The /dev/uioX device has concurrent operations in a few scenarios.

For example, when a process using the device exits abnormally,
the management program starts the same process to operate the device.
When the process exits and closes the /dev/uioX device,
the master bit of the device is cleared. In this case, if the
new process is issuing commands, I/Os are suspended and cannot be
automatically recovered.

Therefore, reference counting is added to clear the master bit
only when the last process exits.

Signed-off-by: Weifeng Su <suweifeng1@xxxxxxxxxx>
---
The difference between the first patch and the first patch is that
the reference counting operation is performed using the atomic semantics,
just like other drivers under UIO:
cdfa835c6e5e87d145f("uio_hv_generic: defer opening vmbus until first use").

And I would claim that that change too is incorrect.

Did you test this with dup()? Lots of open/close cycles on the same
device node? Passing around the file descriptor?
The patch is verified to be able to fix the low-probability problem in our scenario. At the same time, we also perform the dup test on the latest kernel(6.2.0-rc8-g0f5e65cd8f9b-dirty) based on your suggestions. The test code model is as follows:
...
int main()
{
int fd = open("/dev/uio0", O_RDWR);
if (fd < 0) {
printf("error in open /dev/uio0\n");
return -1;
}
int dup_fd = dup(fd);
while (true) {
sleep(1);
}
}

After kill the process, The test results are as follows:
[ 335.730916] swf call uio open
[ 338.307306] swf call uio release

dup does not cause uio_pci_generic.c:open or uio_pci_generic.c:release reference counting exceptions.
PS: In this example, a print is added to the entries of uio_open and uio_release of the driver to confirm the function invoking status.

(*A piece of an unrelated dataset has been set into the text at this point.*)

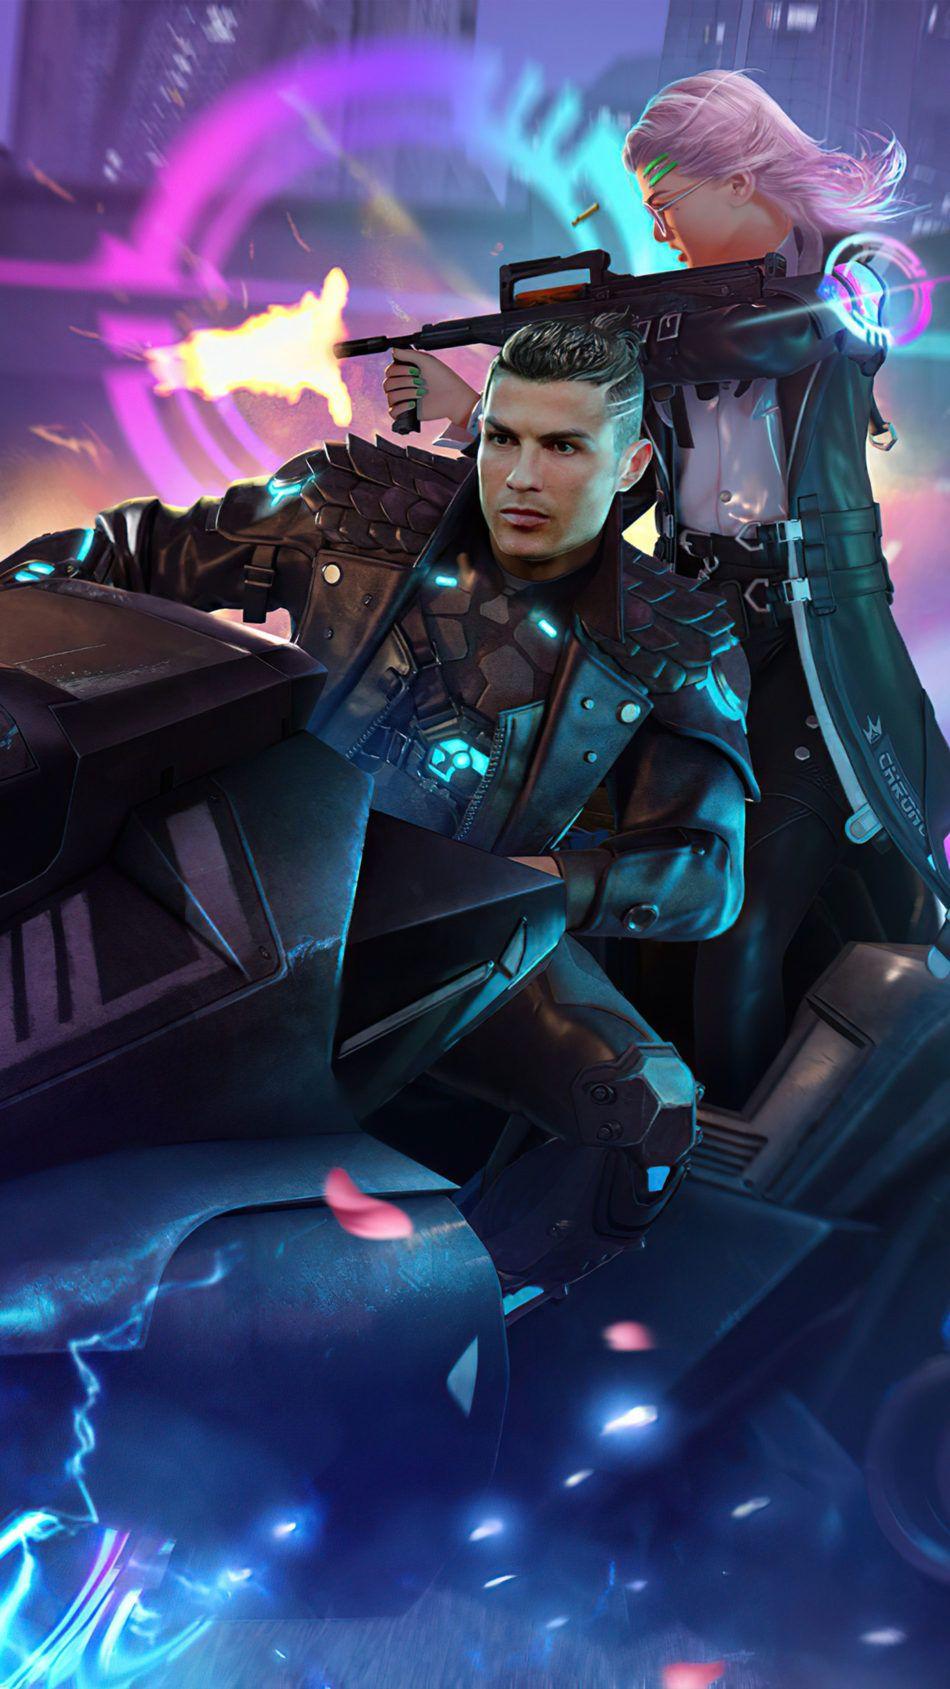 Cristiano Ronaldo Garena Free Fire Skin 4k Ultra Hd Mobile Wallpaper In 2021 Cristiano Ronaldo Ronaldo Photo Poses For Boy

After reading the "dup" code, we confirm that the struct file uses the f_count protect the same file in the process. The file opened by the "dup" only adds reference counting and does not invoke the open operation of the driver. Disabling the fd only decrementes the f_count count. The release function of the driver is invoked to clear resources only when f_count is 0. Different processes use different struct files to open the same file, and f_count cannot enable the constraint function. In this case, the driver needs to handle the concurrency problem of multiple processes,It's like this patch
cdfa835c6e5e87d145f("uio_hv_generic: defer opening vmbus until first use")

Logically, this is identical to your previous change, so why should it
be accepted?

Again, why not just use a real PCI driver for your device?
We use the uio_pci_generic driver because we use the DPDK, which is a user-mode development platform on which you can develop the user-mode driver.

thanks,

greg k-h

Best regards,
Weifeng Su